Saturday, August 22, 2015

Keithley DMM7510 monitors Charger Doctor Output

The Charger Doctor is a sub $2 device that displays voltage and current levels while charging a USB device.  There have been several teardown write ups on the Charger Doctor.  It's useful, but does have some limitations.  For example, it doesn't charge iOS devices and it seems to effect the reliability of the WiFi connection on our Raspberry PIs.  This made us want to take a closer look at what the output was doing.
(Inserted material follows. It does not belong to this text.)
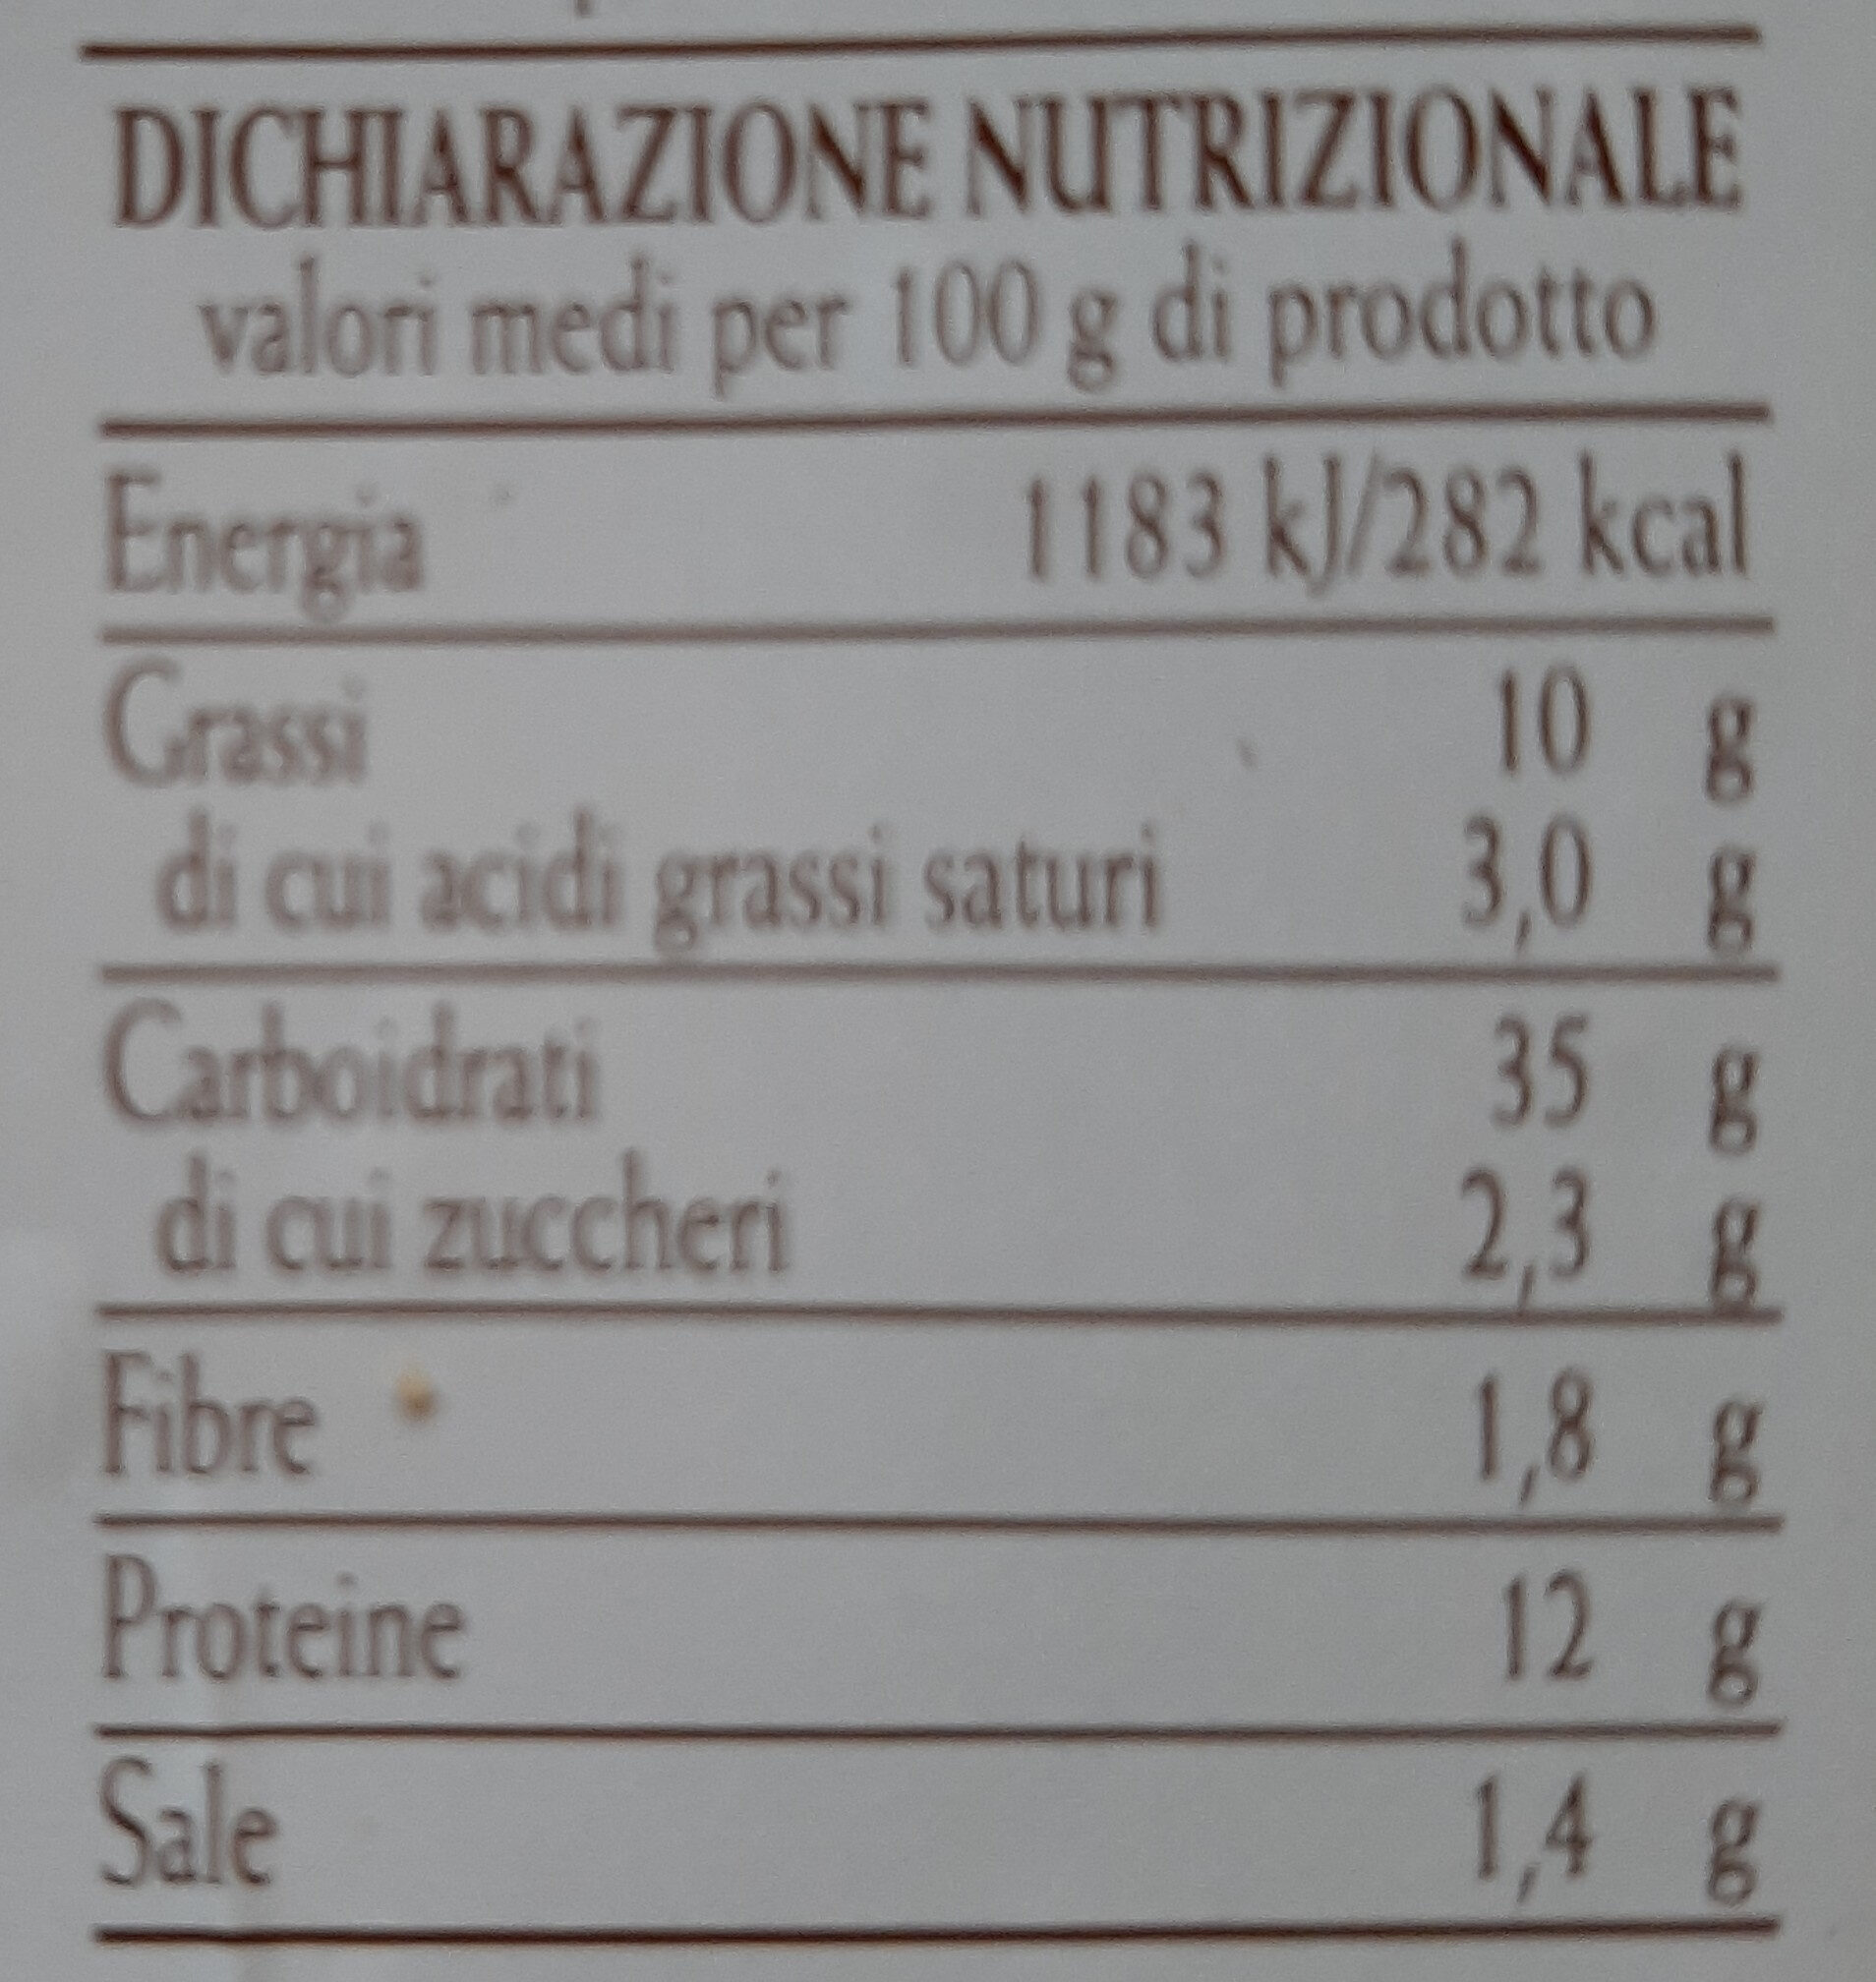 Ravioli alla borragine - Informations nutritionnelles - it

Here we use a Keithley DMM7510 to monitor the Charger Doctor output.  The DMM7510 is a precision instrument with 7.5 digits of resolution and 14 PPM accuracy.  It has a touch screen interface with graphical output, advanced triggering options, cursors, and a whole lot more.  Plus, it is fast (very very fast); capable of sampling at 1M/s.  To sum it up, it's pretty darn cool!

In the video the DMM7510 shows a decrease in voltage when the Charger Doctor displays current.  Also, some instability when displaying voltage.  But remember, the Keithley DMM7510 is a very sensitive instrument.  The change in voltage looks big on the screen, but it is really very small.
The overall voltage swing is only 7.536mV or 0.00753 Volts.  That's not a lot.
And taking a closer look at that instability when the Charger Doctor displays voltage we see that it is only 1.256mv peak to peak; that's just 0.001256 Volts.  Really, that seems exceptional for a sub $2USD device.
There is a lot of discussion on the web as to why iOS devices don't charge via the Charger Doctor.  With the stability shown, I'm not sure why the Charger Doctor effects the WiFi reliability of the Raspberry PI, but I can say it does.  We set the Keithley DMM7510 to camp on the Charger Doctor output signal and trigger on a larger glitch or voltage spike to give us a clue.  After about 15 minutes the Charger Doctor remained stable within the trigger limits and we moved on with our life.  We do have to take into account that the Charger Doctor was effectively unloaded while making these measurements and that could make a big difference.
Thanks for stopping by.

Saturday, May 23, 2015

PVC Pipe Based CNC Mill using Arduino

What hobbyist doesn't want a CNC machine?  But realistically, how many can really justify the need for one?  Not me, but we did want to learn about CNC machines and experiment with GCODE.  If you are wanting to do the same; keep reading...

We had an Arduino UNO sitting around doing nothing as well as some stepper motors we rescued out of an old laser jet printer.  That's a good start for the project, but some hardware/software to drive and control those stepper motors was still needed.  Oh, and some PVC pipe and connecting joints to construct a mill platform, don't forget that.
After a bit of searching we decided to use the Protoneer CNC Shield for Arduino.  You can get this shield for about $20US.  It comes completely unassembled, but a soldering iron and an hour or so of time fixes that.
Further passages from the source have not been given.